Incorrect definition of the Russian language. Russian language is defined as hungarian.
I beg to nominate this ticket for me. Please just do not carry out work on this ticket. I will do the work.
To refine the results of testing the language of the text.
The simplest solution
The simplest solution: open textcat.jar \ org \ knallgrau \ utils \ textcat \ textcat.conf
and apply it patch textcat.conf.diff (including attached files in this ticket)
Slightly more complex solution:
Unzip complex_solution.tar.bz2 (Take it to the attached files in this ticket)
open textcat.jar \ org \ knallgrau \ utils \ textcat \ textcat.conf
and apply it patch textcat.conf.diff of uncompressed complex_solution.tar.bz2. Then copy the file russian-UTF8.lm (from complex_solution.tar.bz2) in textcat.jar \ org \ knallgrau \ utils \ textcat \ language_fp \ russian-UTF8.lm
This will allow analysis of Russian text in UTF-8 encoding.
Thank you for your patch.
I have a question.
In the textcat.conf, can we only add the "russian-UTF8.lm" line in the textcat.conf ?
OpenSearchServer runs only in UTF8.
No, you can not do that, because Many documents in Russian are in cp1251 (windows-1251). For example, I attach the file document in Word. For example, when initializing WordExtractor (this statement applies to PDFBox) no encoding is specified - the text can be returned in the encoding, which was the original document. To be sure, I did a test - put down only a string russianUTF8.lm - finally text again became recognized as a hungarian. I strongly recommend to specify all 4 lines (koi8r, windows1251, iso8859_5 and utf-8) - thus you can avoid mistakes in the recognition of language texts.
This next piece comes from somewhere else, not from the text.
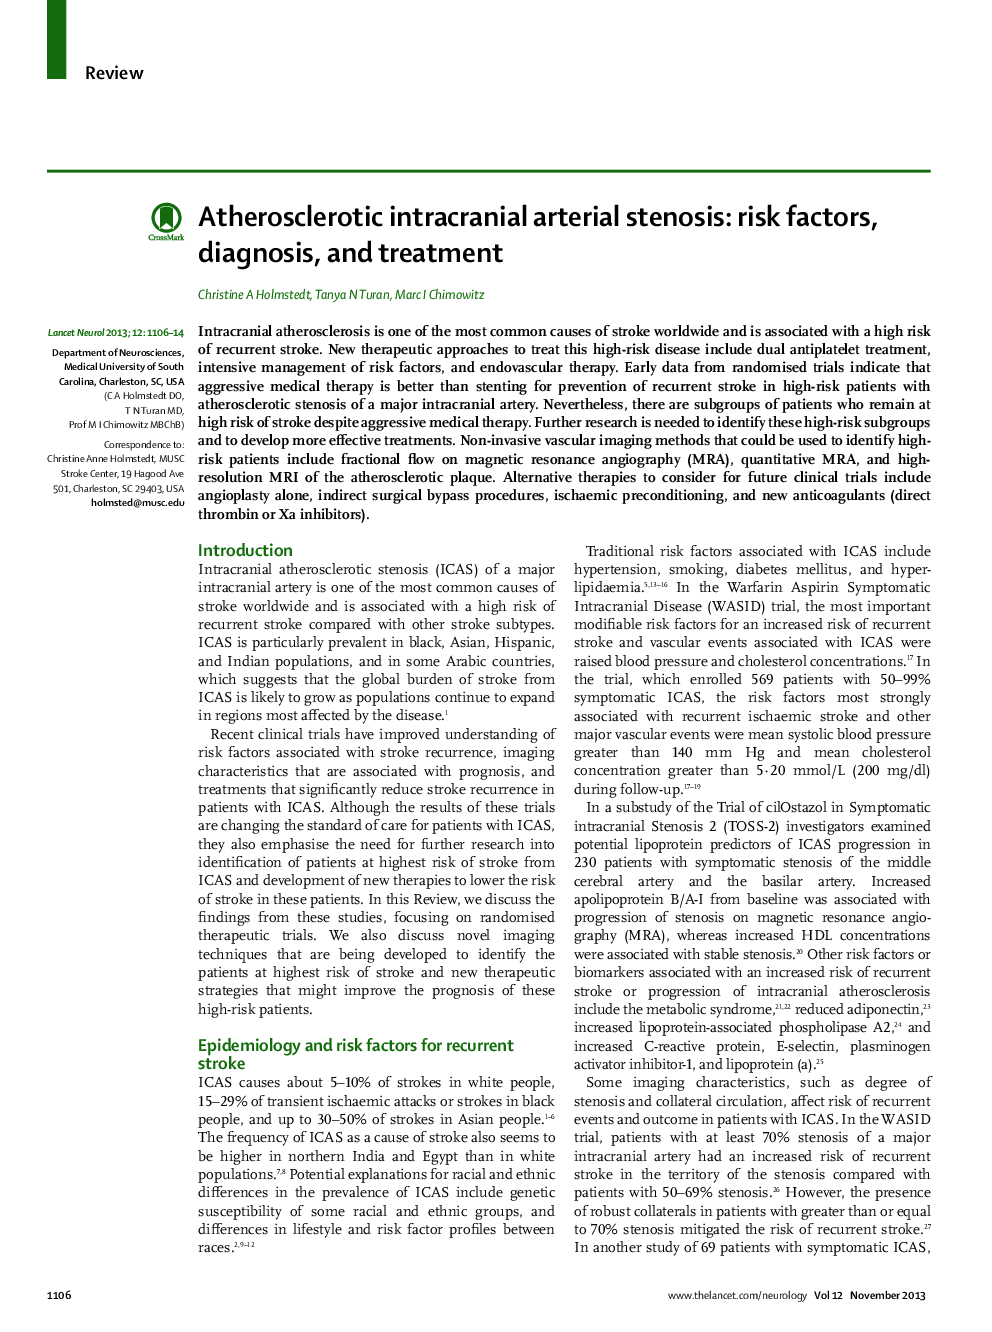 Atherosclerotic intracranial arterial stenosis: risk factors, diagnosis, and treatment

Example of the Russian text
We have to check that their is no license conflict with the "russian-UTF8.lm" file. What is the origin of this file ? I saw that the most recent version of Textcat is in SpamAssassin.
Not sure that understand your question ... What is the connection issue with SpamAssassin? :) Includes TextCat no file russianUTF8.lm - I have it myself generated by
java-jar textcat-1.0.1.jar-createfp myfile.txt russianUTF8
As the source file was used text on the 1.8 MB. Given what they've done functional generation . lm files open, it is worth expect that there no prohibitions on the generation and use of our . lm files.
I found a bug. Now analyzing it. At this point, probably, there will be problems with the definition of the language. In the library configuration textcat, that I recommend. Now analyze how this error corrected.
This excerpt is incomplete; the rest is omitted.